An exact copy is required of the lines running from the one that contains "Jeu de Ballon" to the end of the material, both ends included, with pictures omitted.

═══ Source material

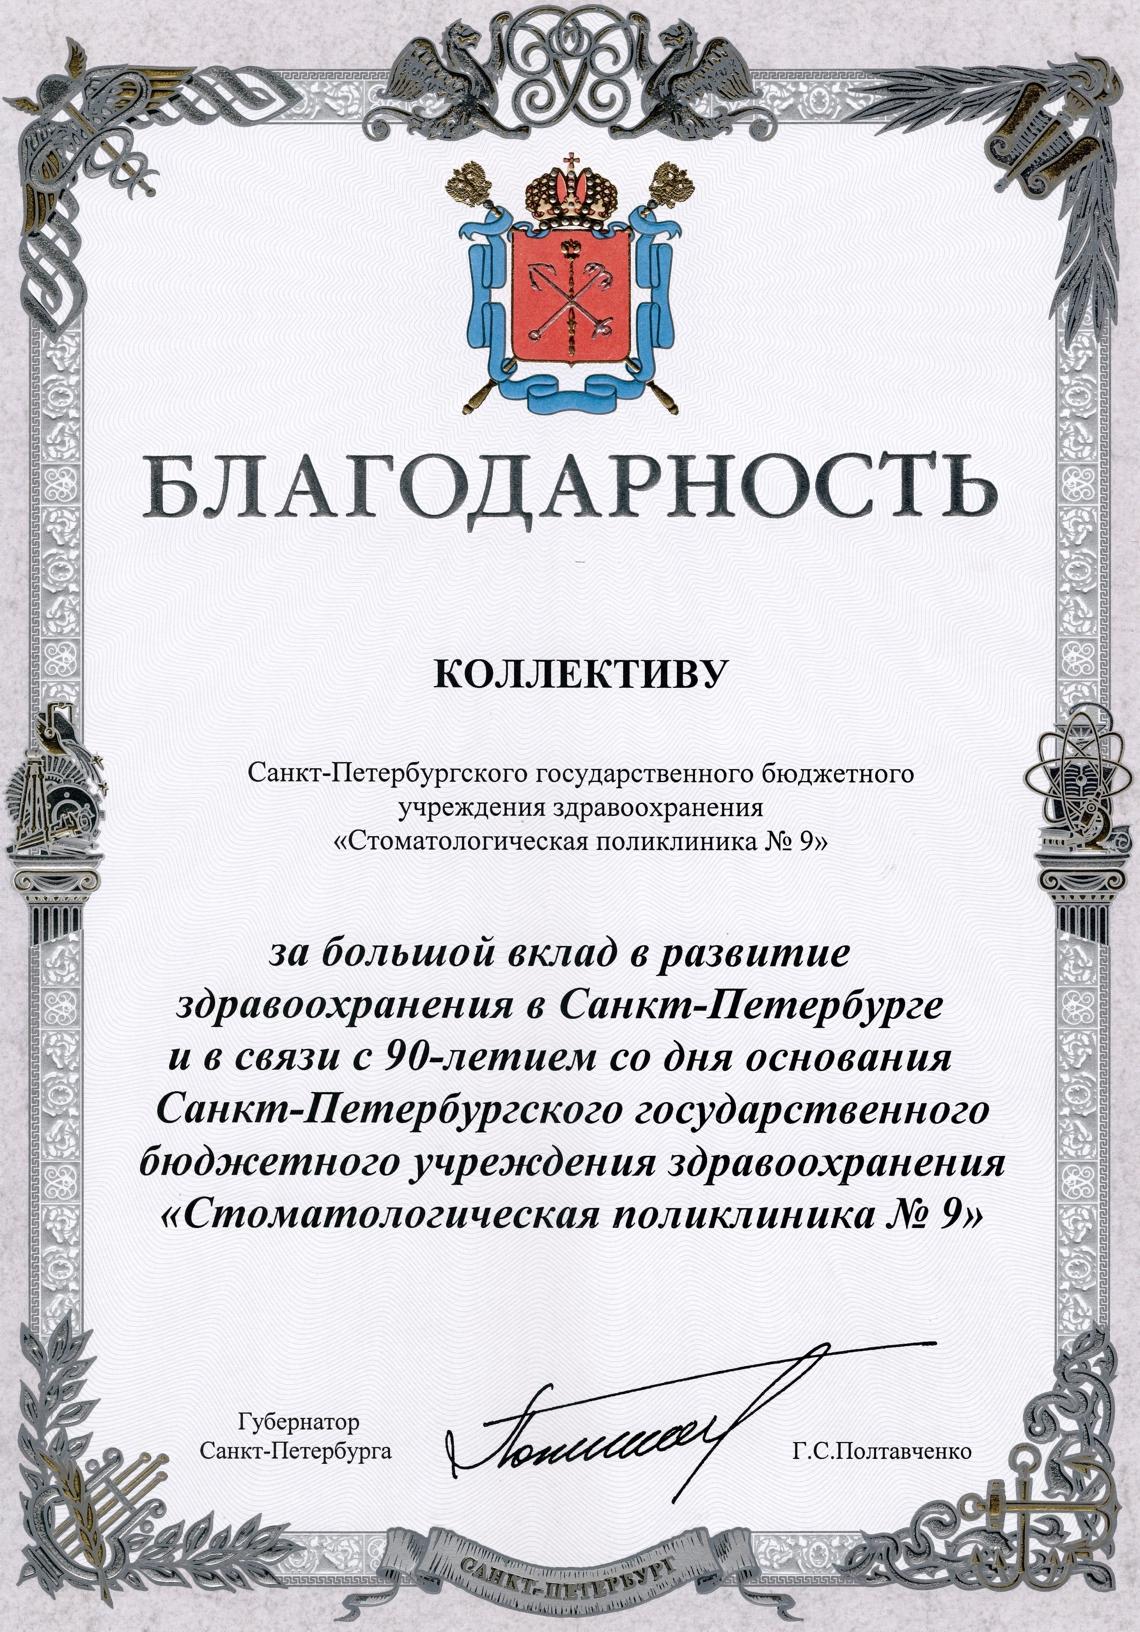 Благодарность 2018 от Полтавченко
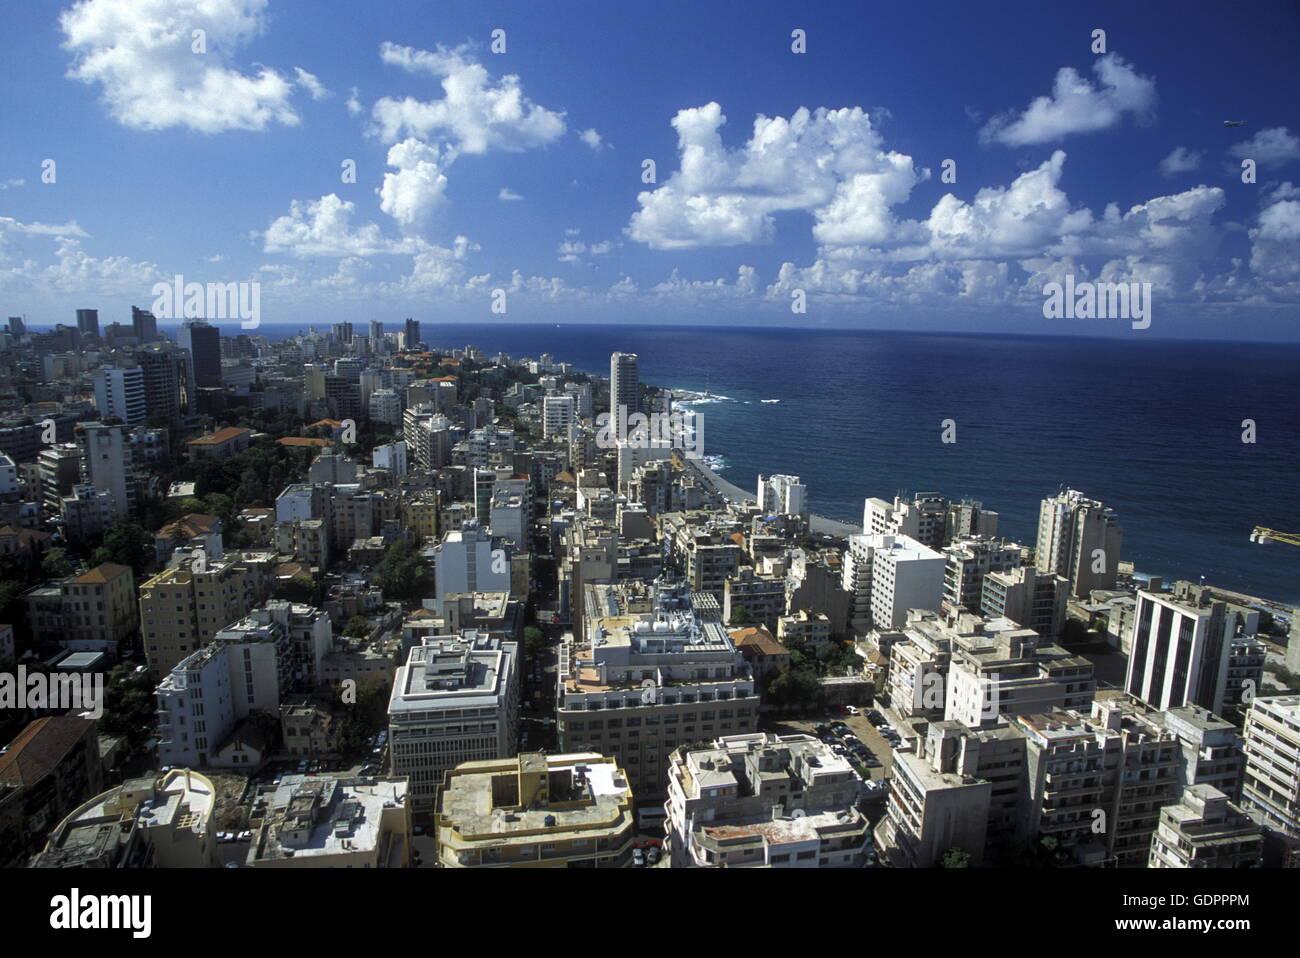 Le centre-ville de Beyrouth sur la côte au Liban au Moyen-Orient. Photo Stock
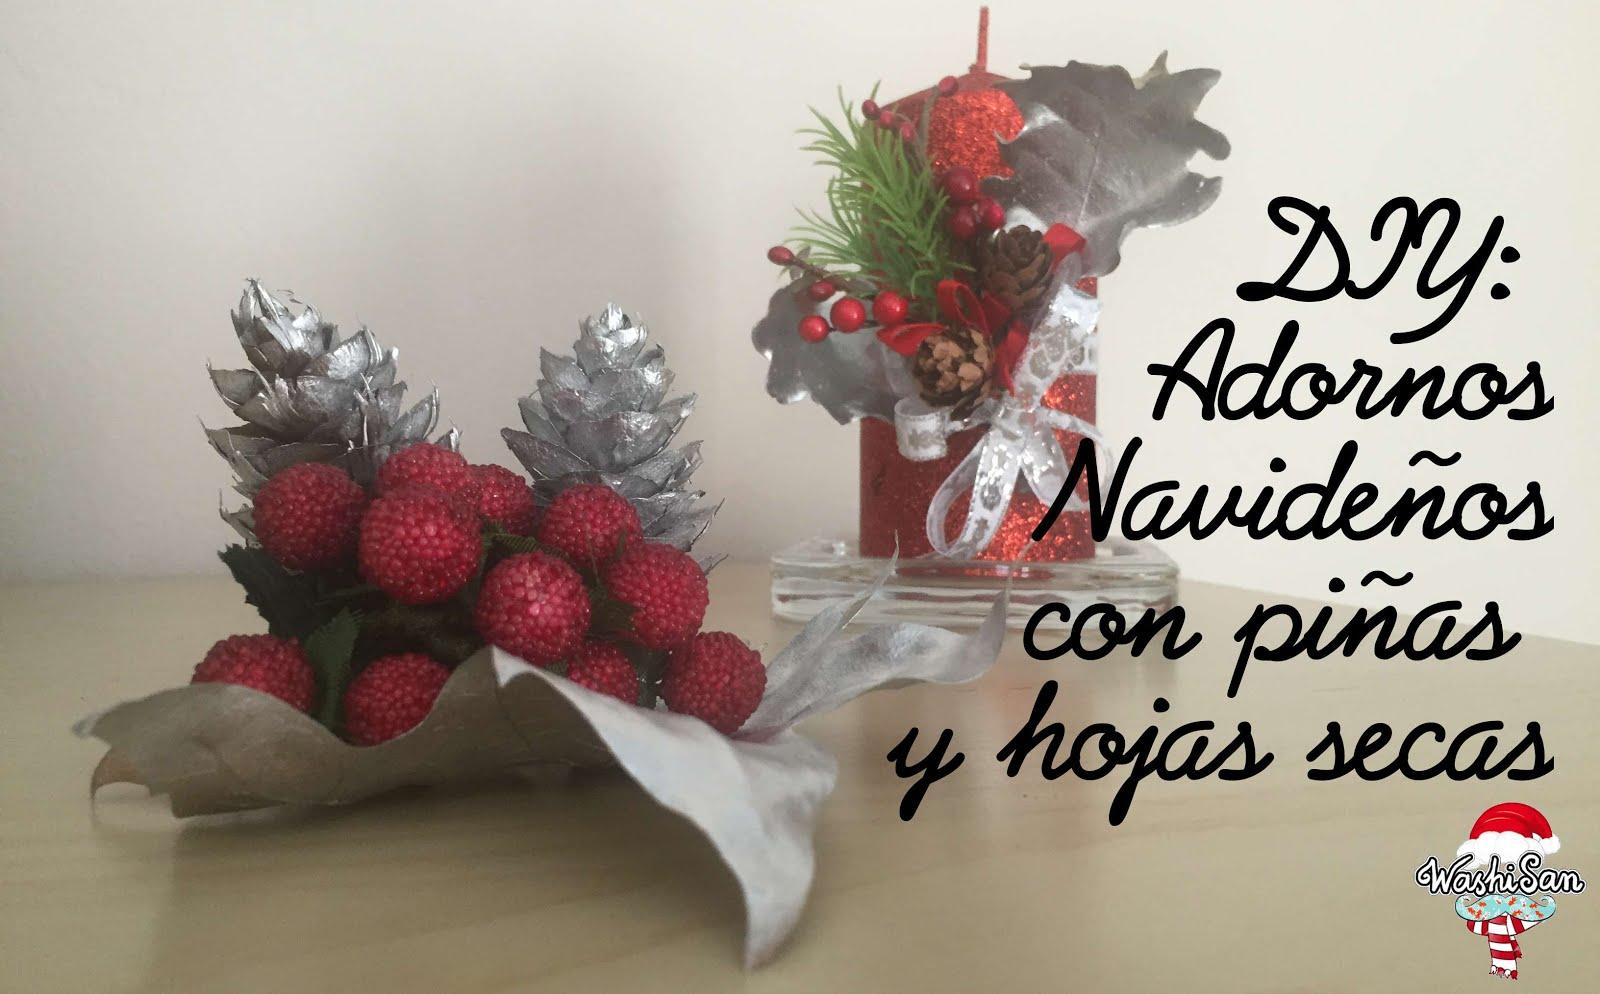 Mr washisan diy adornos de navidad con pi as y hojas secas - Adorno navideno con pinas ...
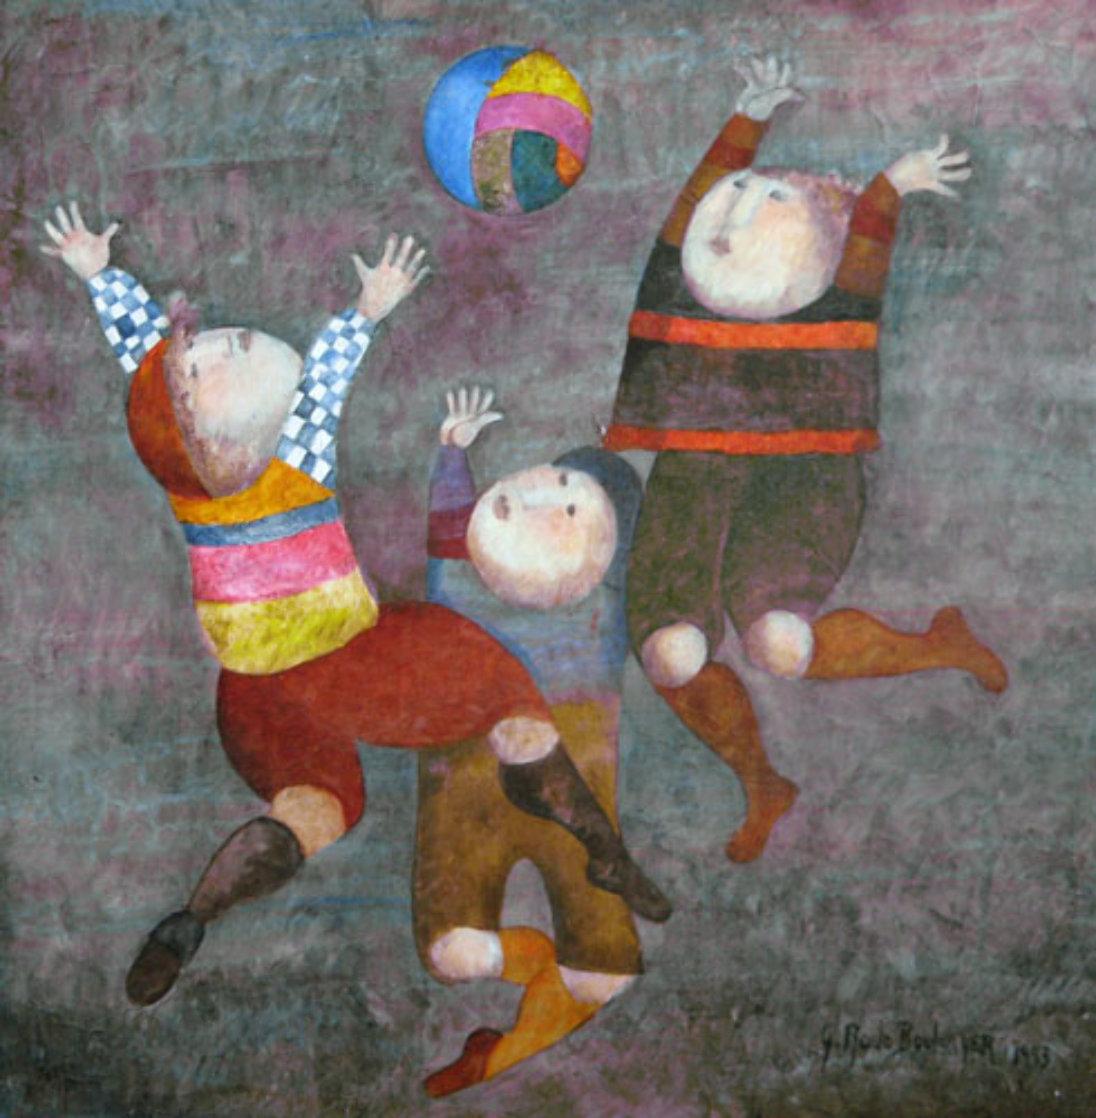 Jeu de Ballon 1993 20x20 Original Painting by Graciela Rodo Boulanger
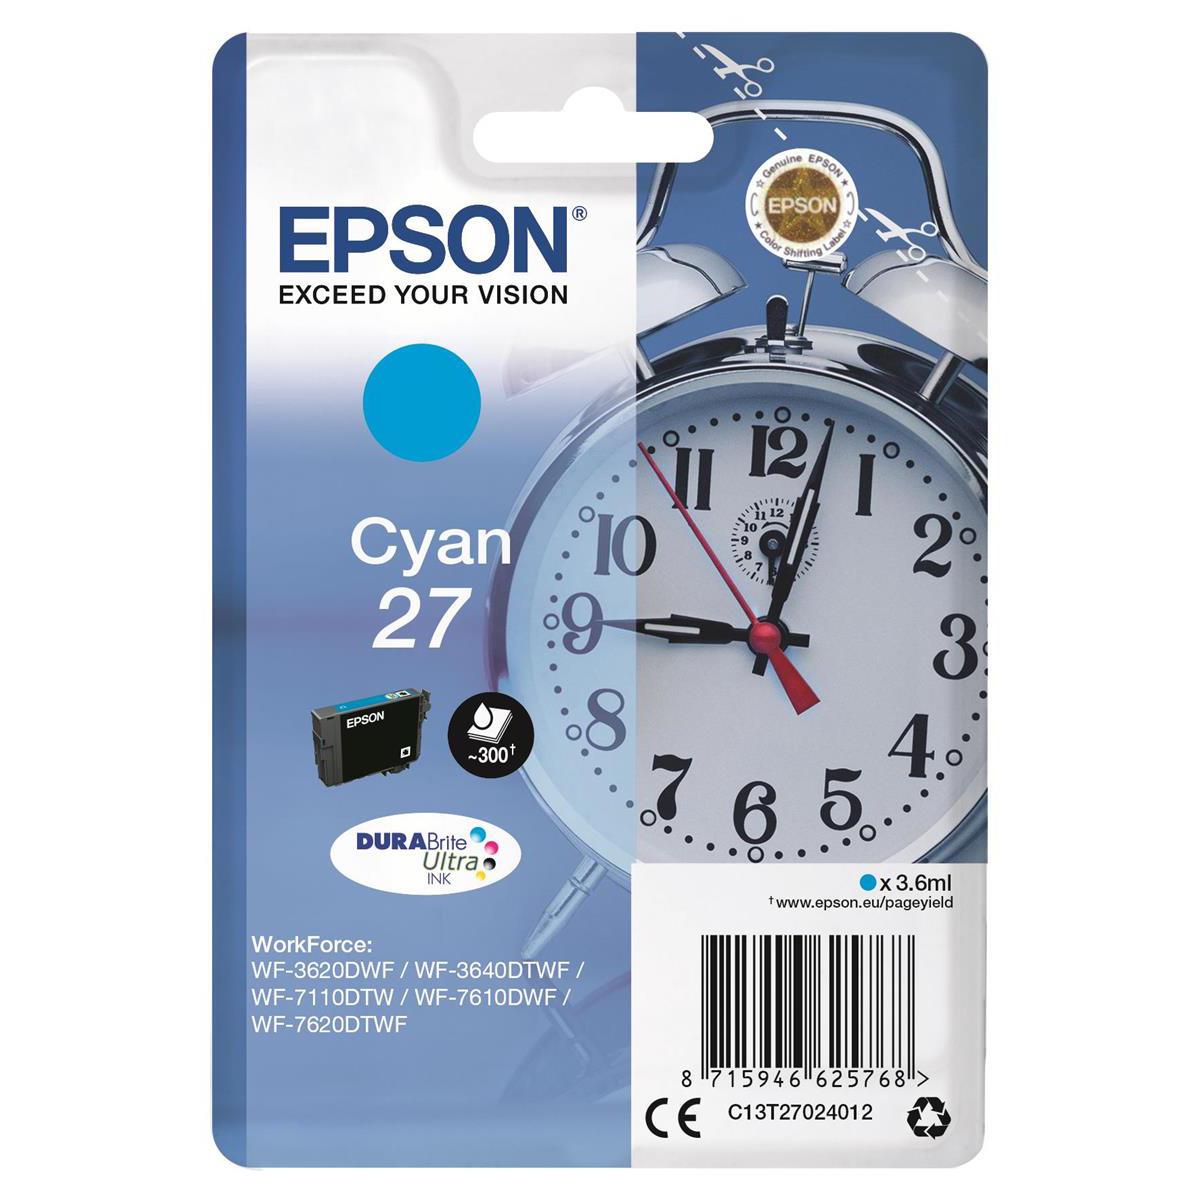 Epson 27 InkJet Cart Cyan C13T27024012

══════

• **Task answer**
 Jeu de Ballon 1993 20x20 Original Painting by Graciela Rodo Boulanger
 Epson 27 InkJet Cart Cyan C13T27024012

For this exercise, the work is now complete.